EMPLOYMENT AGREEMENT, made as of February 8, 2005, between CKX, Inc., a Delaware corporation (the "Employer"), and Howard J. Tytel (the "Executive").

        WHEREAS, the Employer desires to retain the Executive; the Executive affirms that no obligation germane to the Executive presently precludes, or exists now and in the future may preclude, the Executive's entry into and full and faithful performance of this agreement; and the Executive desires to accept employment with the Employer; and

        WHEREAS, the Board of Directors of the Employer (the "Board") has determined that it is in the Employer's interest to enter into this agreement with the Executive in order to secure, and in the future to be assured of, the Executive's abilities, services, and judgment as a member of senior management of the Employer, upon the terms and provisions and subject to the conditions stated in this agreement;

        NOW, THEREFORE, the Employer and the Executive agree as follows:

        1.    Employment.    Upon the terms and subject to the conditions of this agreement, the Employer employs the Executive, and the Executive accepts employment.

        2.    Term; Dates.    The term of the Executive's employment shall commence on February 8, 2005 and continue until the fifth annual anniversary thereof (the "Employment Agreement Term"), unless earlier terminated or renewed in accordance with this agreement.

        2.1   This agreement refers to the dates defined in this section, as follows: (i) the date of commencement of employment is the "Effective Date"; (ii) the period of time during which the Executive is an employee of the Employer pursuant to and in accordance with the terms and provisions of this agreement is hereinafter referred to as the "Term"; and (iii) the last date of employment is the "Expiration Date."

        3.    Executive's Position, Duties, and Authority.    The Employer shall employ the Executive, and the Executive shall serve as Executive Vice President and Director of Legal and Governmental Affairs of the Employer, and in such other positions with the Employer and its subsidiaries that are reasonably acceptable to the Executive. The Executive shall have executive duties, functions, authority, and responsibilities commensurate with the office or offices he from time to time holds with the Employer in a corporation that is public, subject, in accordance with applicable law, to the supervision and direction of the Board.
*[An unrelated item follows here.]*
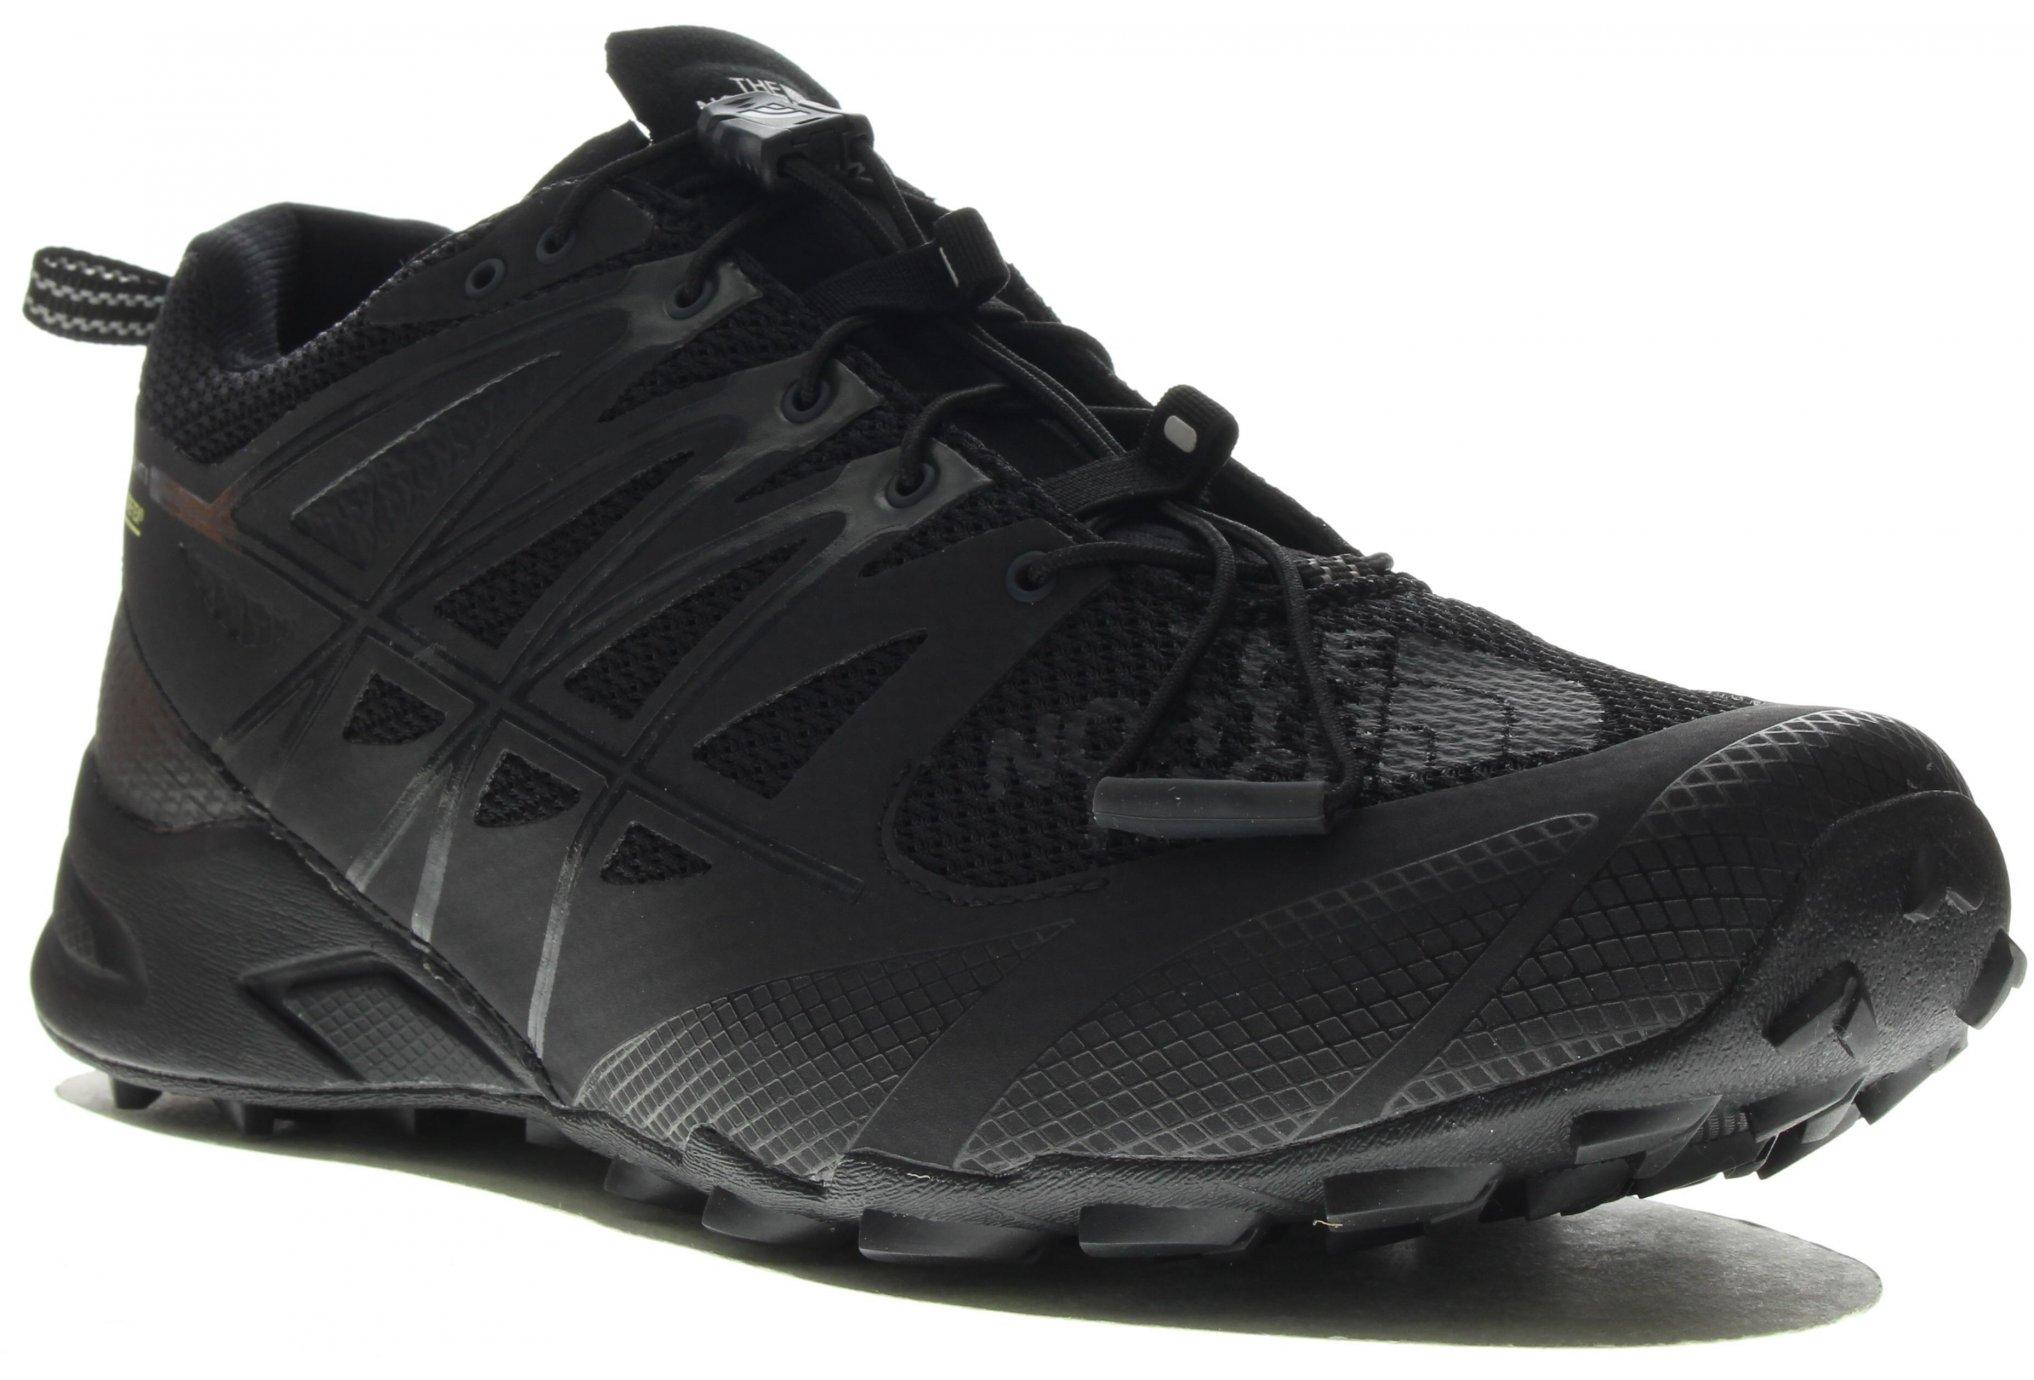 The North Face Ultra MT II Gore-Tex M Diététique Chaussures homme
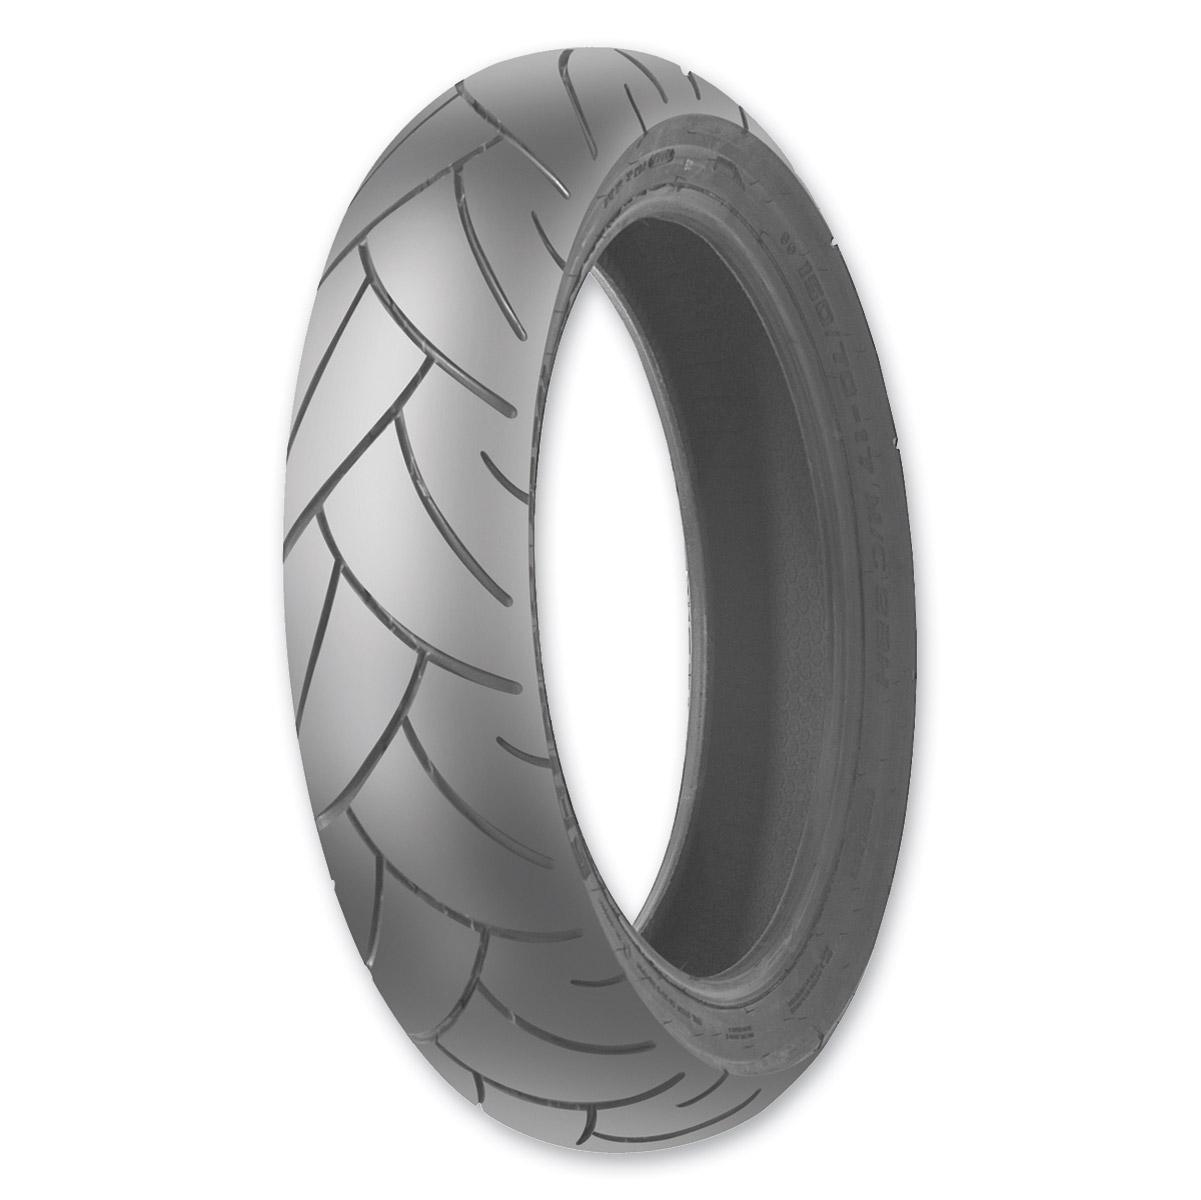 Shinko SR741 140/70-18 Rear Tire

        3.1   During the Term and prior to the Expiration Date, the Employer shall use its best efforts to have the Executive nominated to serve on the Board or other governing body of the Employer. If the Employer, including any successor, forms any Executive Committee of the Board, Office of the Chairman, or similar senior management committee or group which is approved or otherwise recognized by the Board during the Term, the Executive shall be a member of such committee or group. The Executive shall have no obligation to serve or continue to serve: (i) on the Board or any committee of the Board; or (ii) as an officer or director of any subsidiary or affiliate of the Employer, in the event that the Employer or any such subsidiary or affiliate of the Employer or any of their respective successors fails to provide and maintain to and on behalf of the Executive indemnification rights no less beneficial to the Executive than those provided by Section 10 of this agreement and, to the extent more beneficial to the Executive now or in the future, every right to indemnification and defense of an officer or director of any entity formed and existing under the laws of the State of Delaware. The future occurrence of any event described in the preceding sentence, or the Employer's failure within a reasonable time to reimburse the Executive for all expenses reasonably incurred in the course of fulfilling his duties and responsibilities as a director and/or officer of the Employer, any subsidiary or affiliate of the Employer or any of their respective successors, additionally, and immediately, shall constitute a Constructive Termination of the Executive without Cause as such term is defined in this agreement.